My mother is still on my case about this status. I never really consciously made the decision to be a SAHM. It just happened. I was in the midst of completing my MSc when I found out that I was pregnant. Then, I had an early delivery at 33 weeks gestation, which means Shahrin was born premature. He was put under observation and had some complications. I managed to finish my thesis amid the hospital visits, the traditional medicine my father sought, Shahrin's constipation problem and moving in with my hubby's mother. Life was crazy in that 2 earlier years with completing my study, coping with Shahrin's medical problem and TB*. After I finally finished MSc, it felt like a HUGE burden of my shoulder. Then came the long wait for job interviews, which sadly were non existence even after I had sent out lots of application to various universities and colleges. While waiting, I basically just went with hubby wherever he goes for his bundle sales. It was hard at first but the night market life just rub off on me and I grew to like going out on these trips because I get to meet a lot of people as well as mingle with the other night marketers.
So, it wasn't my intention to stay home and take care of my child but it was more kind of going with what life has given me. I have been given the opportunity to care for my children and although at times I feel like going crazy, it has been a blessing. The only downside to our current situation is that we are financially unstable. My parents have stepped in and given me monthly allowance (oh the shame!) for me and the boys, to buy groceries and stuff while hubby's paycheck goes to pay the bills. When I first got the Maxis broadband, I thought I could easily find work online and our money problem would be over. However, I am learning that even online opportunities doesn't go boom overnight. I am trying to be patient and be more creative about my searches, hopefully my pot of gold at the end of the rainbow will materialize soon.

4. Normy bluweekk duduk no.4 sebab kalau letak nombor 1 takut orang tak nak baca blog ni dah, hehe.

Saturday, August 7, 2010

Going crazy about ReadBud!

Sorry Adik, but my entry will have to wait a little while longer.
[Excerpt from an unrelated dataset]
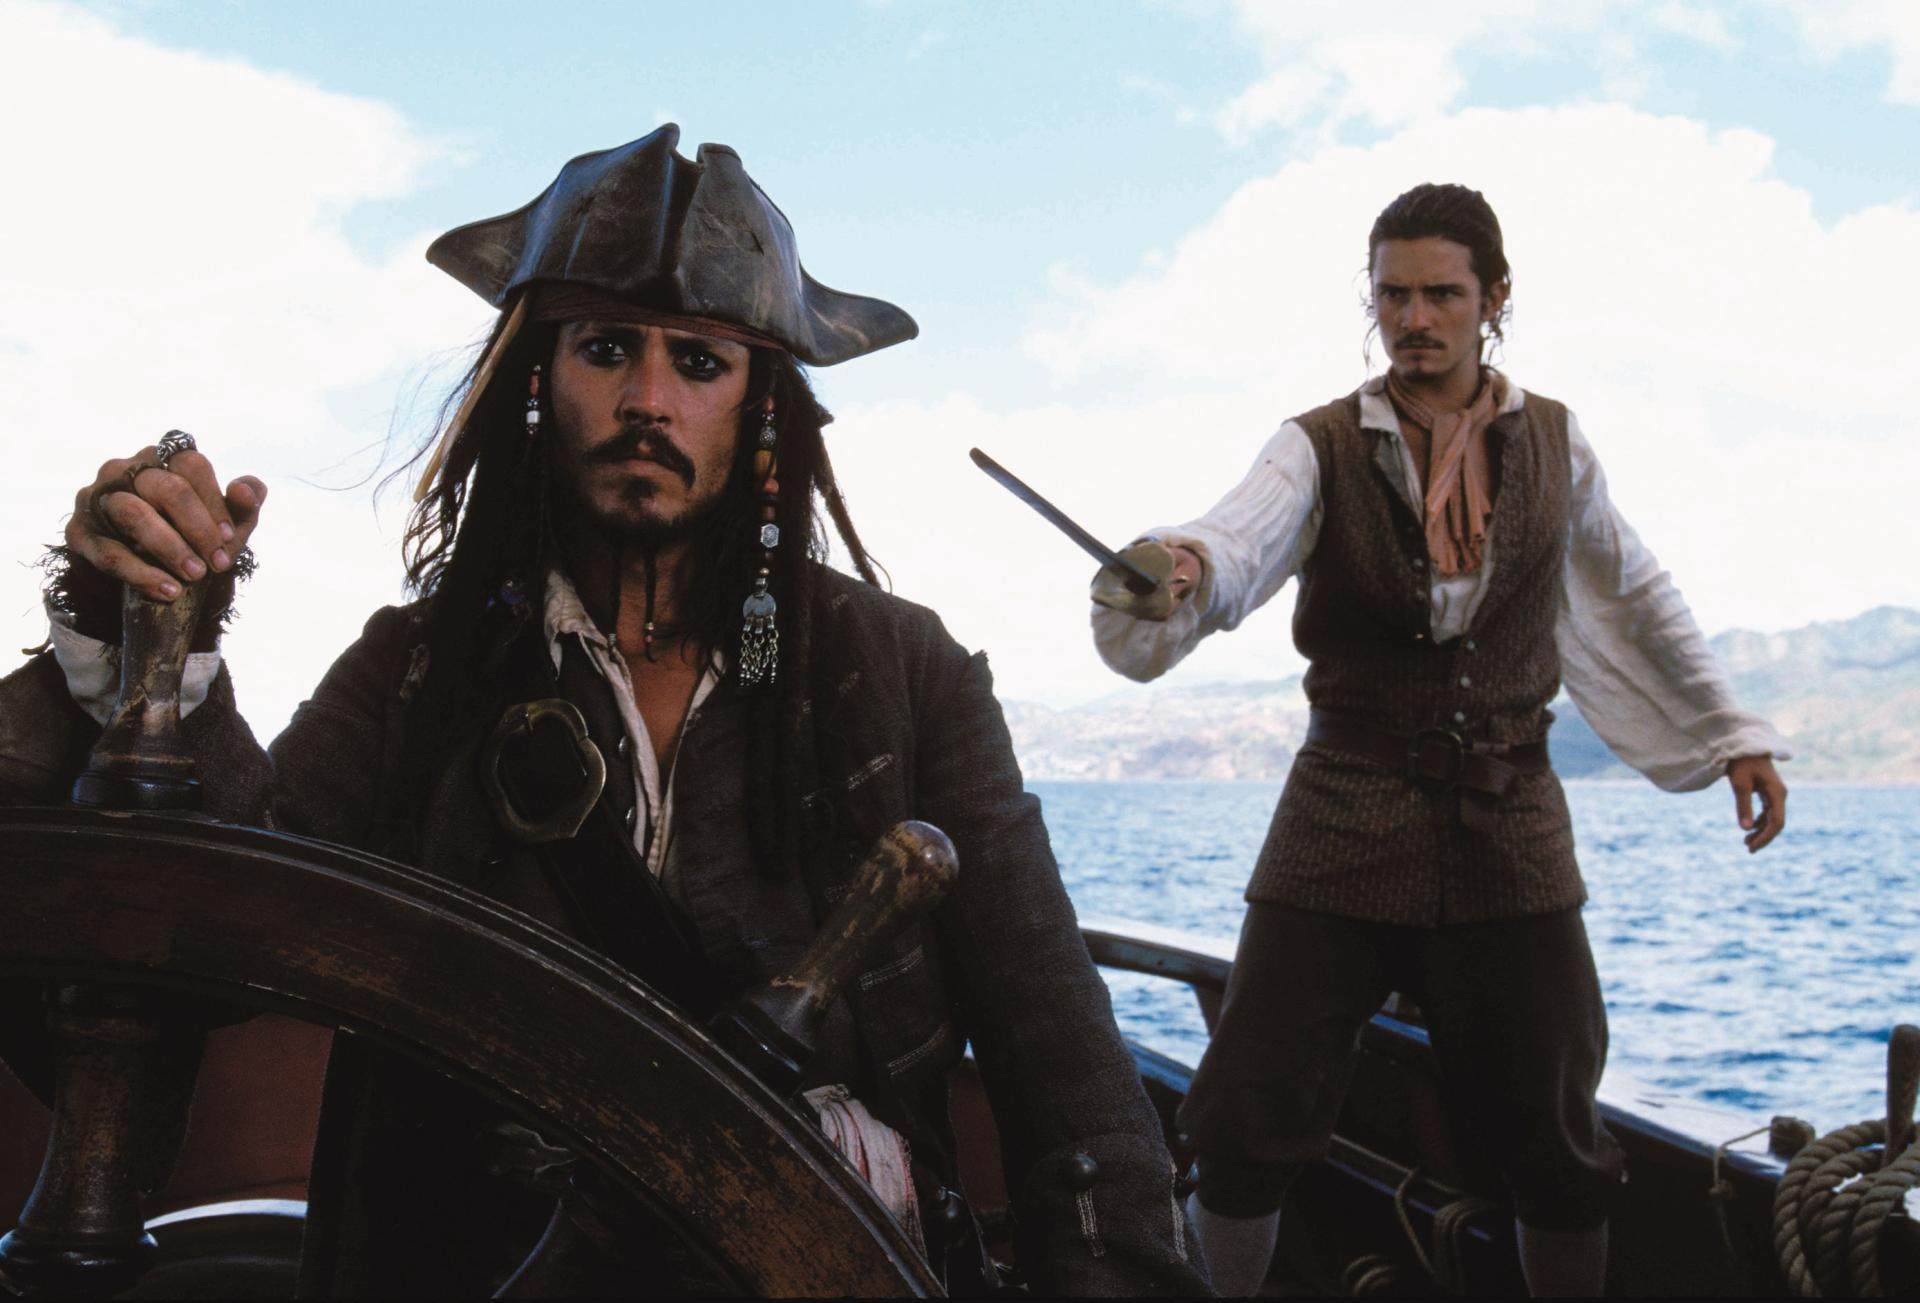 pirates of the carrabean essay

If you have noticed the big, glittery banner on top of this blog, then you have found my latest craze.

I have registered with them to read, rate and get paid. Oh, I am loving this one. I get to read articles according to my interests and rate them AND get paid to do so. Well, technically, I have not reach the 50 dollar mark yet, so I am not eligible for payment. But still, some of the articles that I have read were very informative and useful for my plans. In a way, I am multitasking (love this word, shows people just how competent you are, heh); researching, learning and earning while at the same time, looking after my sons. Whew!

I have also discovered quite a lot of interesting crafts blogs while blog-walking. Hopefully, by reading these blogs, I can rediscover my love for crafting and sewing. My plan would be to execute some of the ideas presented in these blogs and then sell them here, through the night market or through friends. We'll see how this one goes.

As for the post that I promised Adik, maybe I can get it done tonight when the boys have hit the sack. Right now, I have to rescue Hubby's badminton racket from Nazrin before it snaps.

Friday, August 6, 2010

Just a trailer for my up and coming entry.

1. News on my Raya Chocolate sales and how I feel about it.

2. Shahrin's first (FIRST!) birthday celebration.
- My poor son, it took me 4 years to finally celebrate his birthday, heh.

3. My feelings on the SAHM status.
- I found a few ladies who are just like me, and felt somewhat relieved that I am not alone.